■ ASSIGNMENT: Transcribe all of the entries below exactly. Leave out the pictures.

■ DATASET CONTENT:
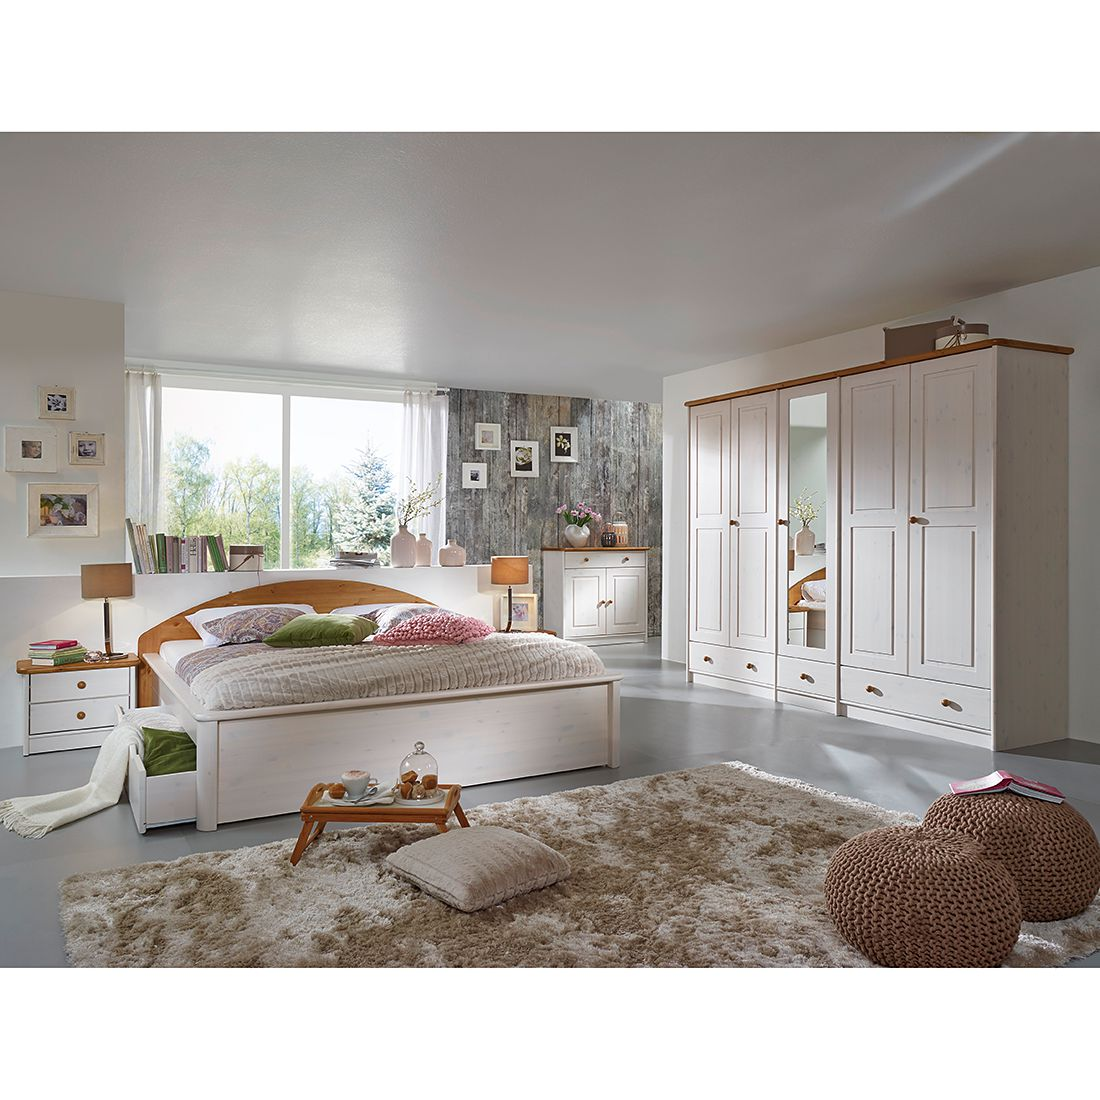 Schlafzimmerset Valga (4-teilig) - Kiefer massiv - Weiß / Eiche, Jack and Alice
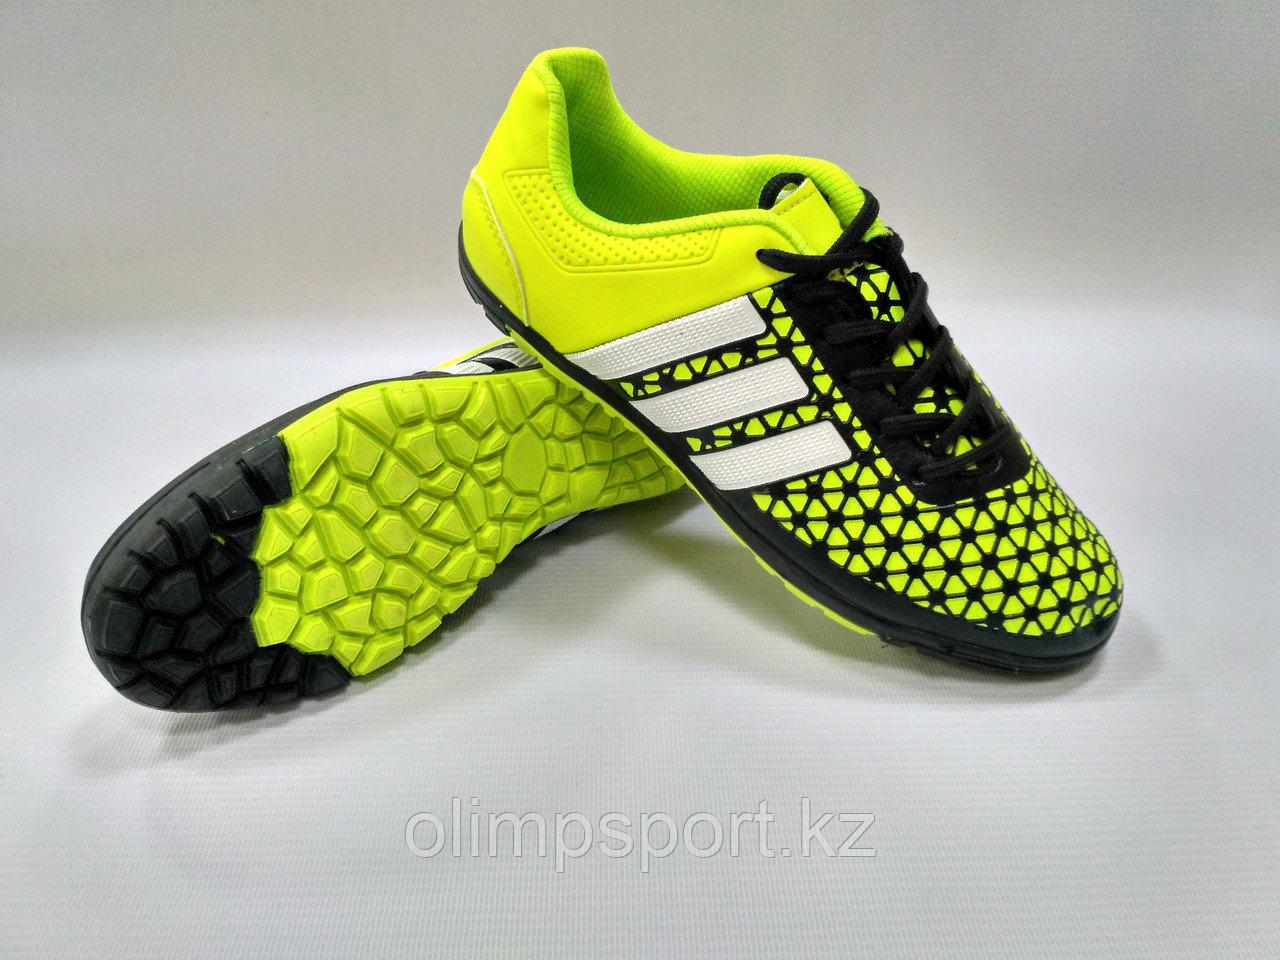 Обувь для футбола, шиповки, сороконожки  Adidas Ace
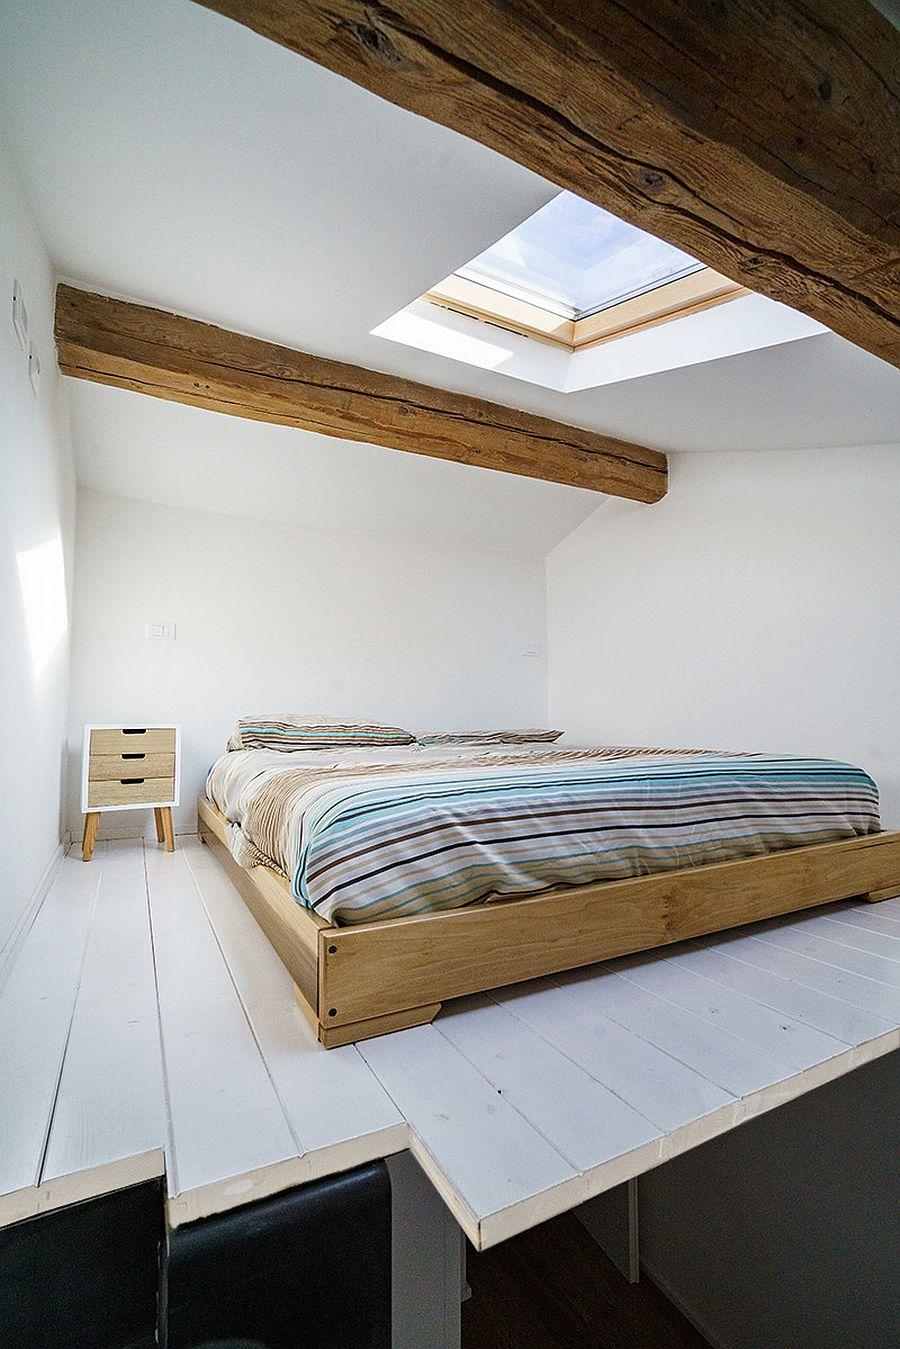 Giếng trời mang ánh sáng tự nhiên vào phòng ngủ công nghiệp nhỏ trên gác mái màu trắng.
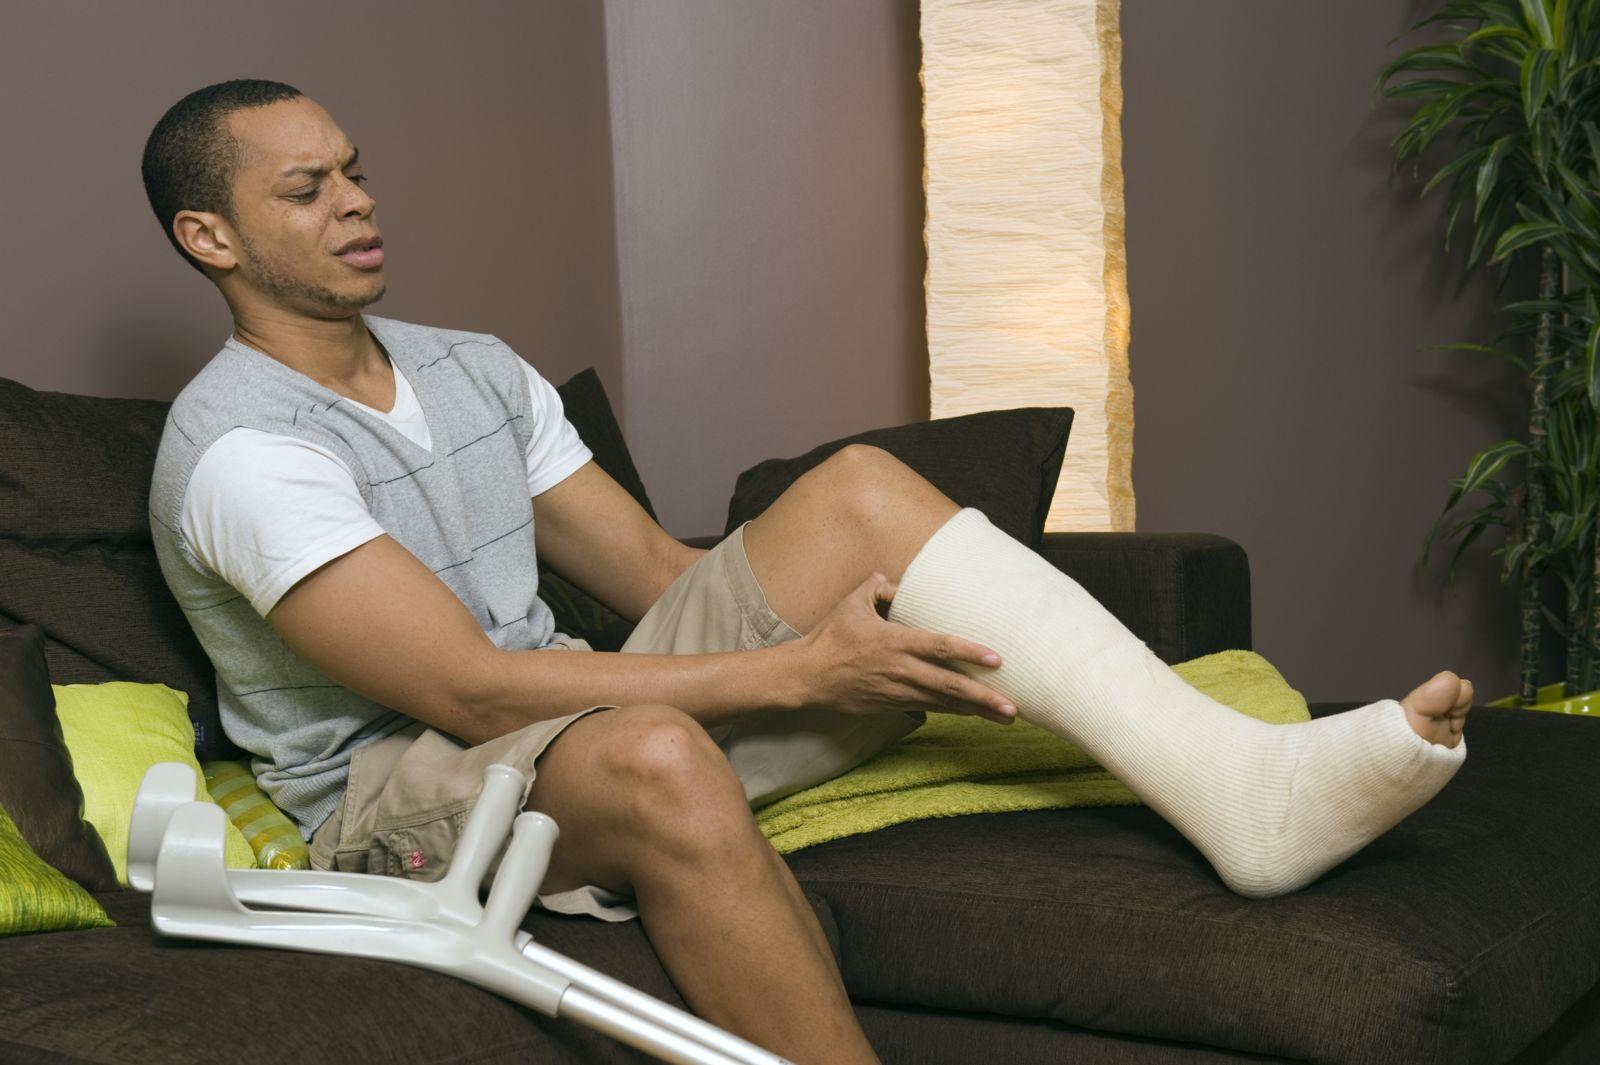 Houston podiatrist discusses Dak Prescott's broken ankle
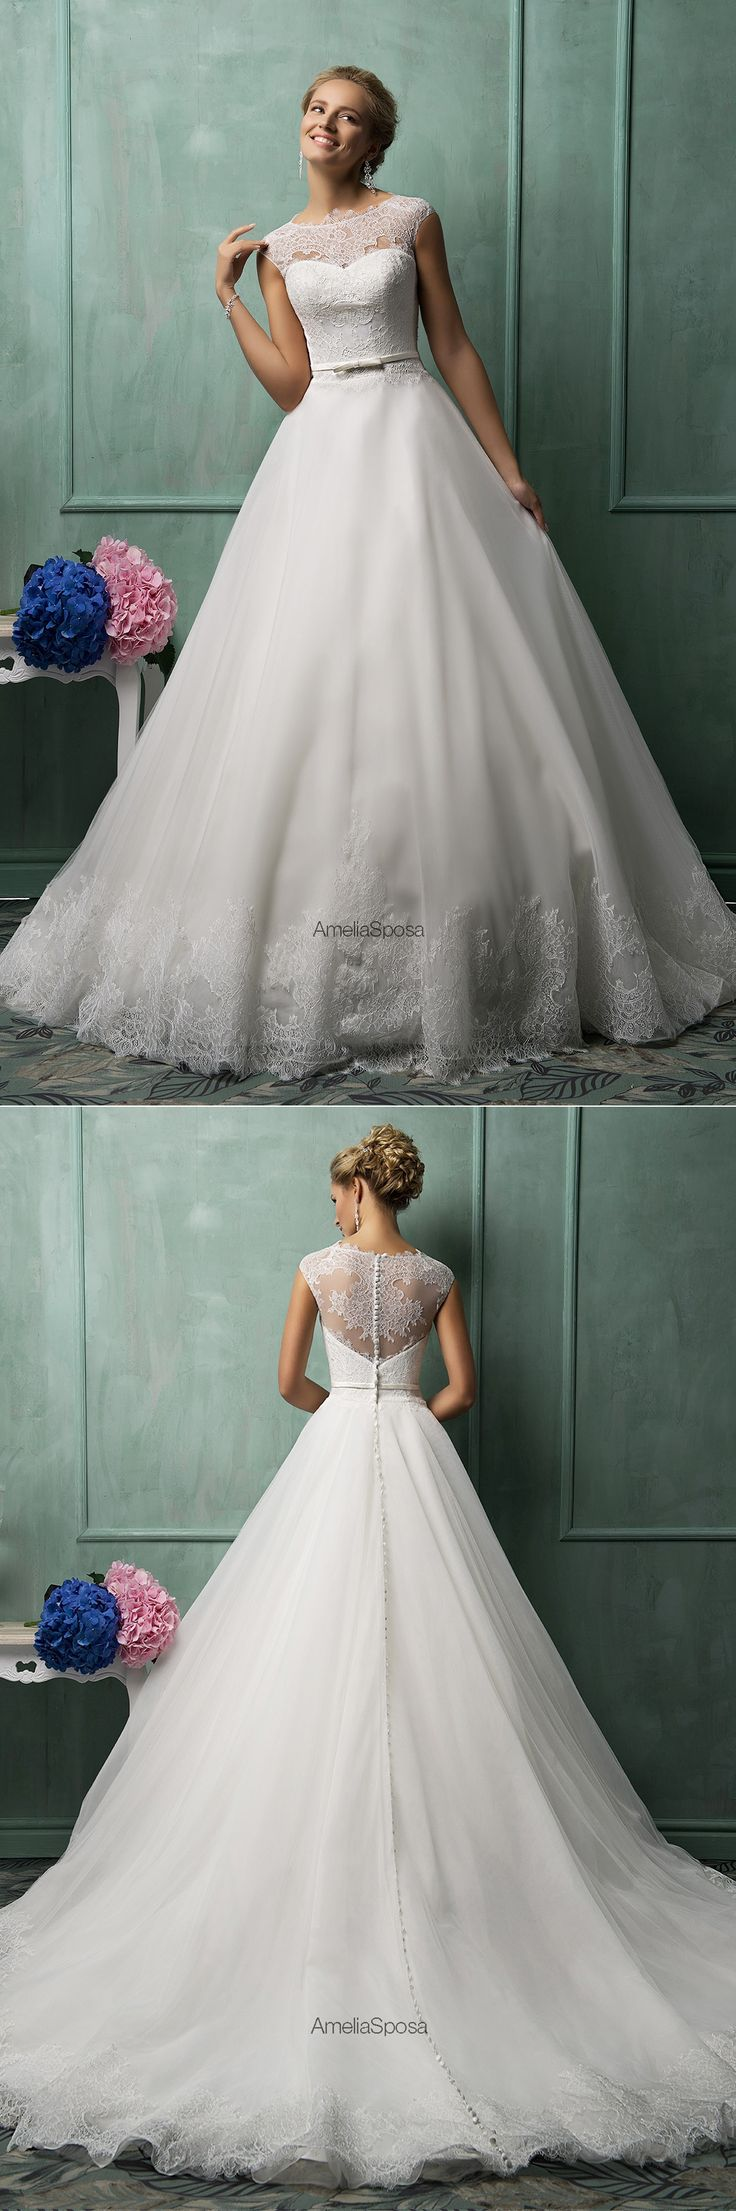 Vestido de novia corte princesa con encaje. Inspírate más en http://bodatotal.com/
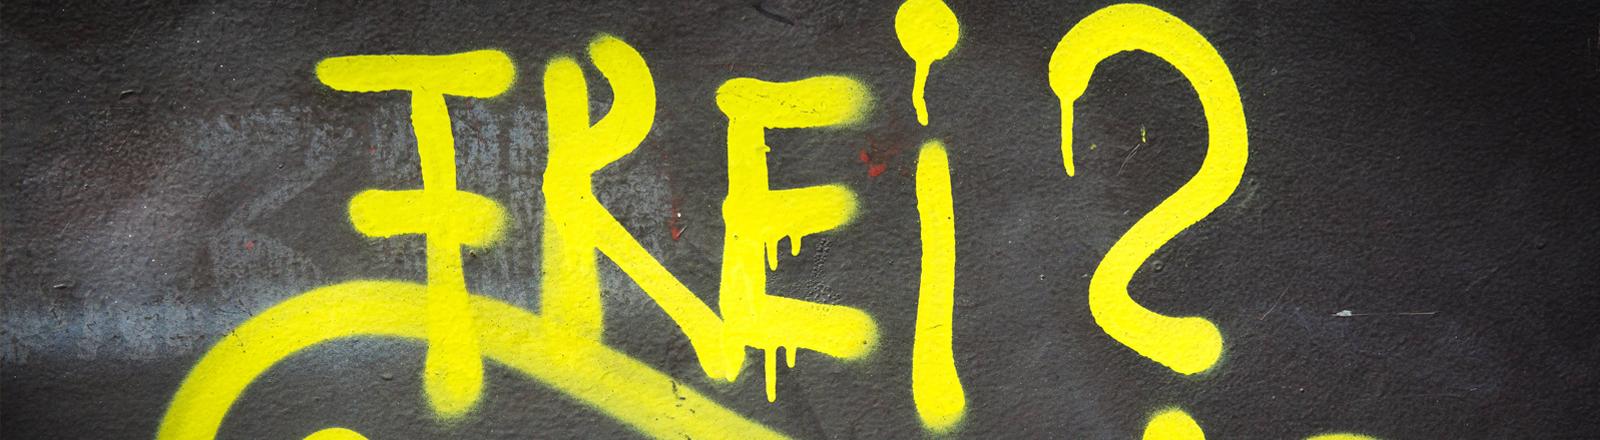 Das Wort Frei mit Fragezeichen als gelbes Graffito auf einer dunklen Wand.
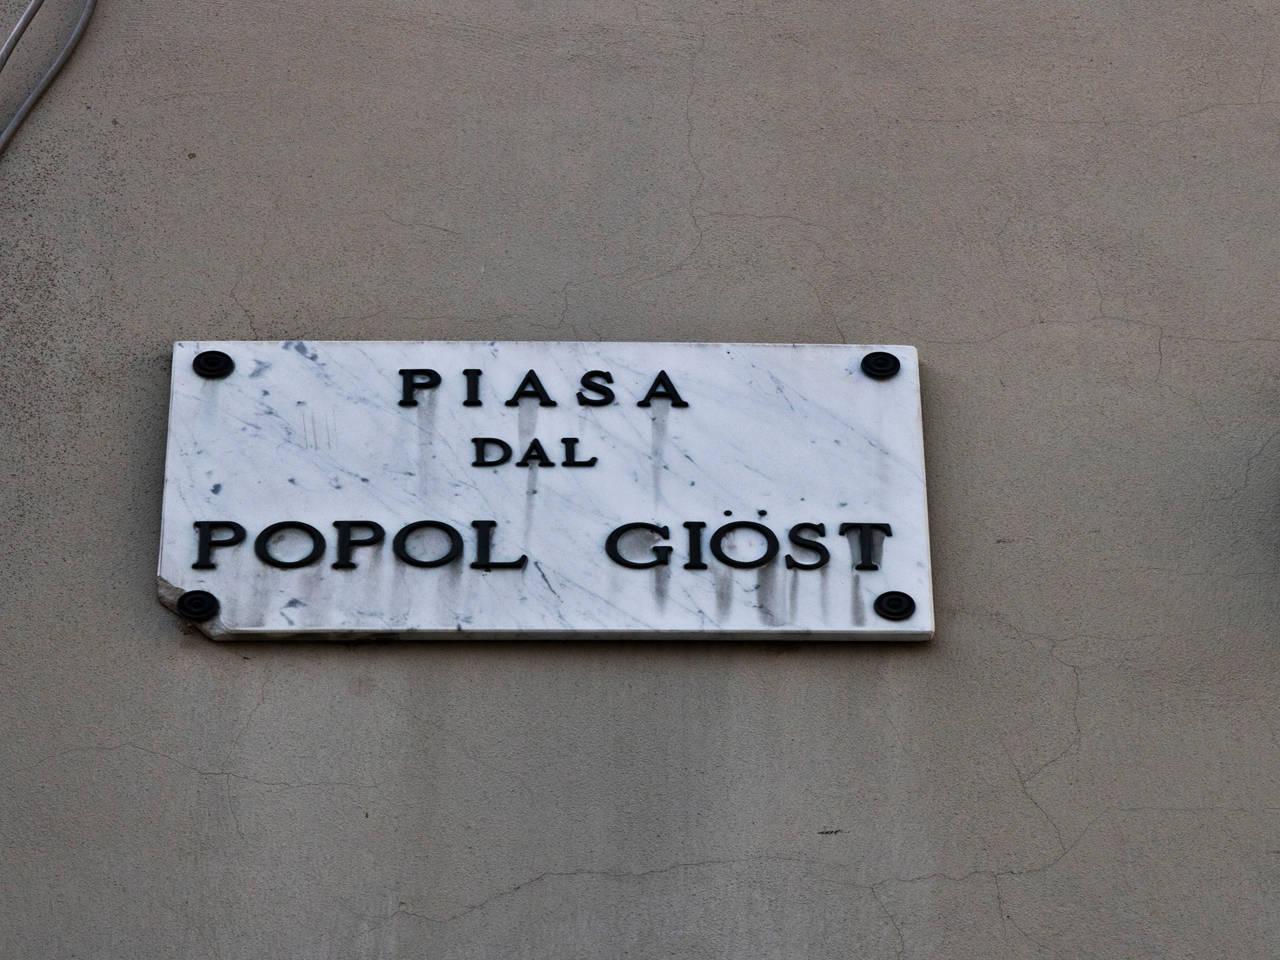 Piasa dal Popol Giost - Piazza del Popolo Giusto a Reggio Emilia

■ THE ANSWER:
 Schlafzimmerset Valga (4-teilig) - Kiefer massiv - Weiß / Eiche, Jack and Alice
 Обувь для футбола, шиповки, сороконожки  Adidas Ace
 Giếng trời mang ánh sáng tự nhiên vào phòng ngủ công nghiệp nhỏ trên gác mái màu trắng.
 Houston podiatrist discusses Dak Prescott's broken ankle
 Vestido de novia corte princesa con encaje. Inspírate más en http://bodatotal.com/
 Das Wort Frei mit Fragezeichen als gelbes Graffito auf einer dunklen Wand.
 Piasa dal Popol Giost - Piazza del Popolo Giusto a Reggio Emilia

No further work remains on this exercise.